Questioning those judging the community on choosing to sell their bodies to earn a livelihood, the activist snapped back at the audience saying, "It is not a fellow hijra who agrees to sleep with us!"

She added that the community would not have had to indulge in the trade were they provided equal employment opportunities.

However, Laxmi, while lauding the Pakistani hijra community for having initiated their struggle way before it started off across the border, expressed disappointment over the use of the word 'transgender' by the country's literati.

Endorsing Bindiya’s comment over hijras being sex-workers, Laxmi confidently remarked, “We want opportunities. You can keep your reservations with what we choose to do in your pockets!”

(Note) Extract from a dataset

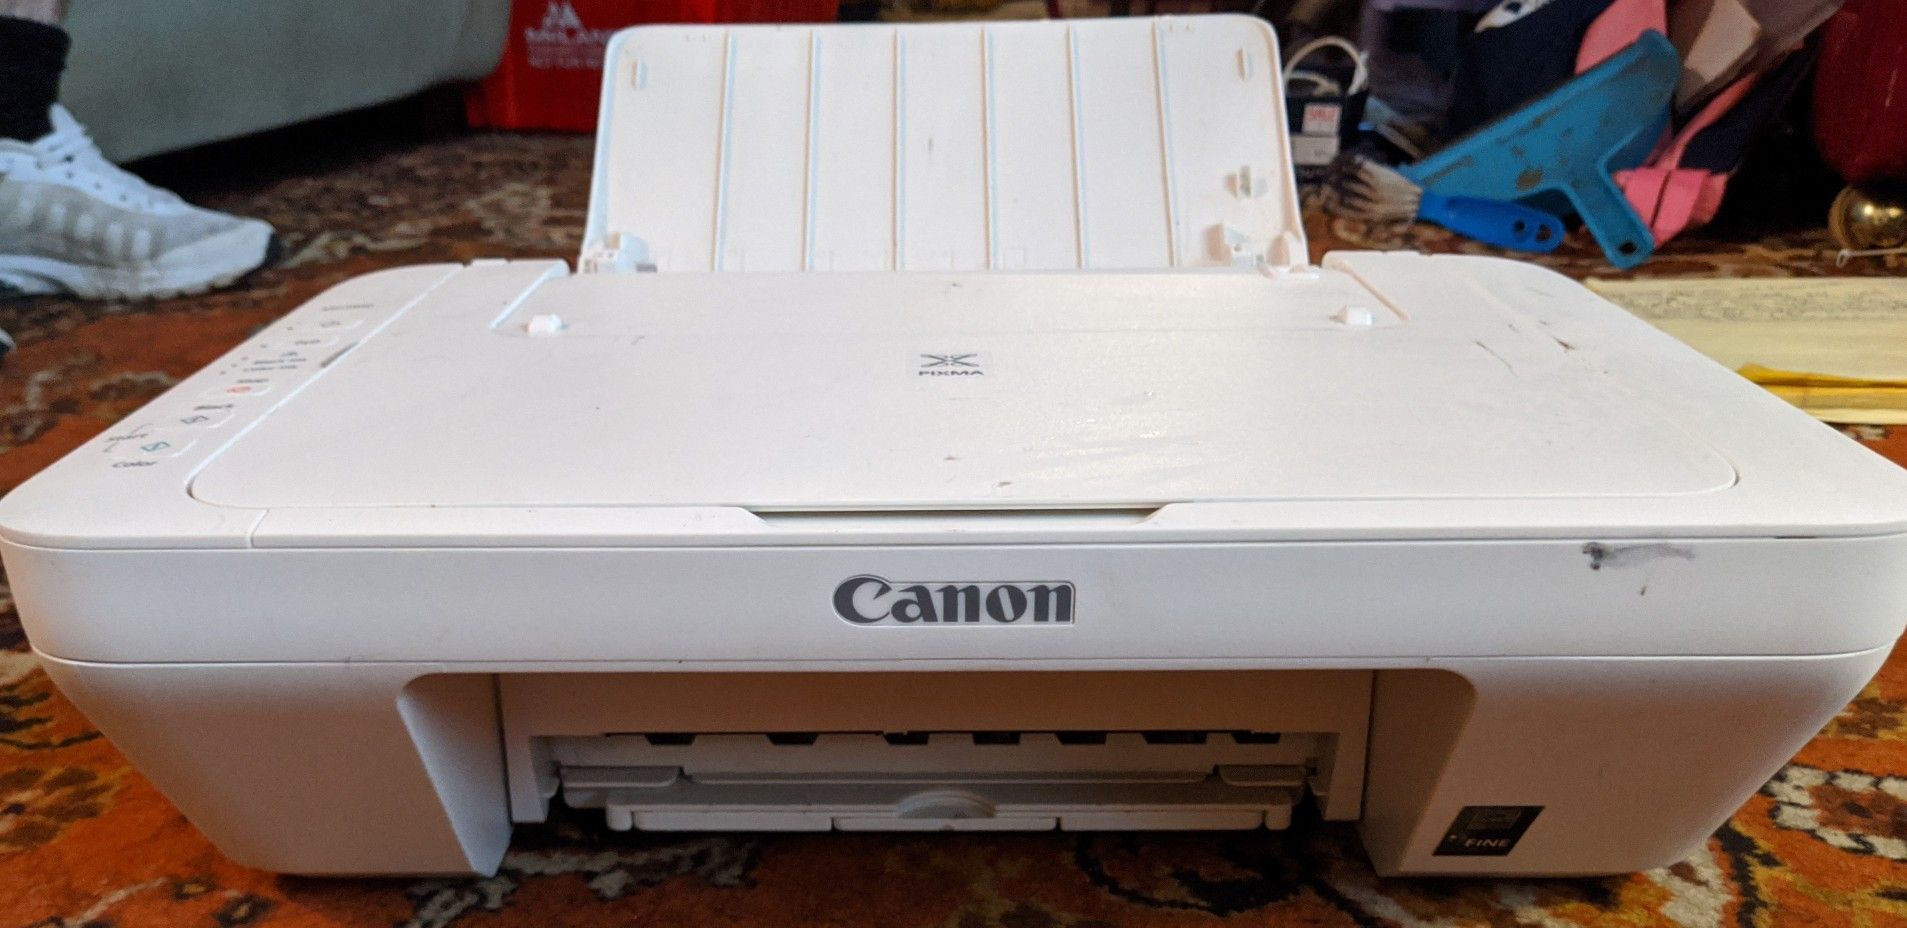 Canon white multifunction printer

Citing a soon-to-be-presented bill on the community’s rights in the Indian parliament, Laxmi outright rejected the idea of accepting it on the premise that it was formed without taking the hijra community onboard.

Poking fun at the maddening race behind trying to rehabilitate the less-equal gender/communities, Laxmi retorted, “Ahhh, rehabilitation! Our bureaucrats just love it!”

Sending the audience into peals of laughter, the fiery activist further commented,
“You can’t hand a sewing machine to a sex-worker and believe that they have been rehabilitated.”

She called for mapping the community in order for them to be provided their rights, rather than devising half-cooked policies based on rough statistics.

Journalist Reema Abbasi spoke on the need to form a prison manual in order to keep the hijras safe from sexual assaults and molestation at the hands of law enforcers, incidents that are rampant in both India and Pakistan.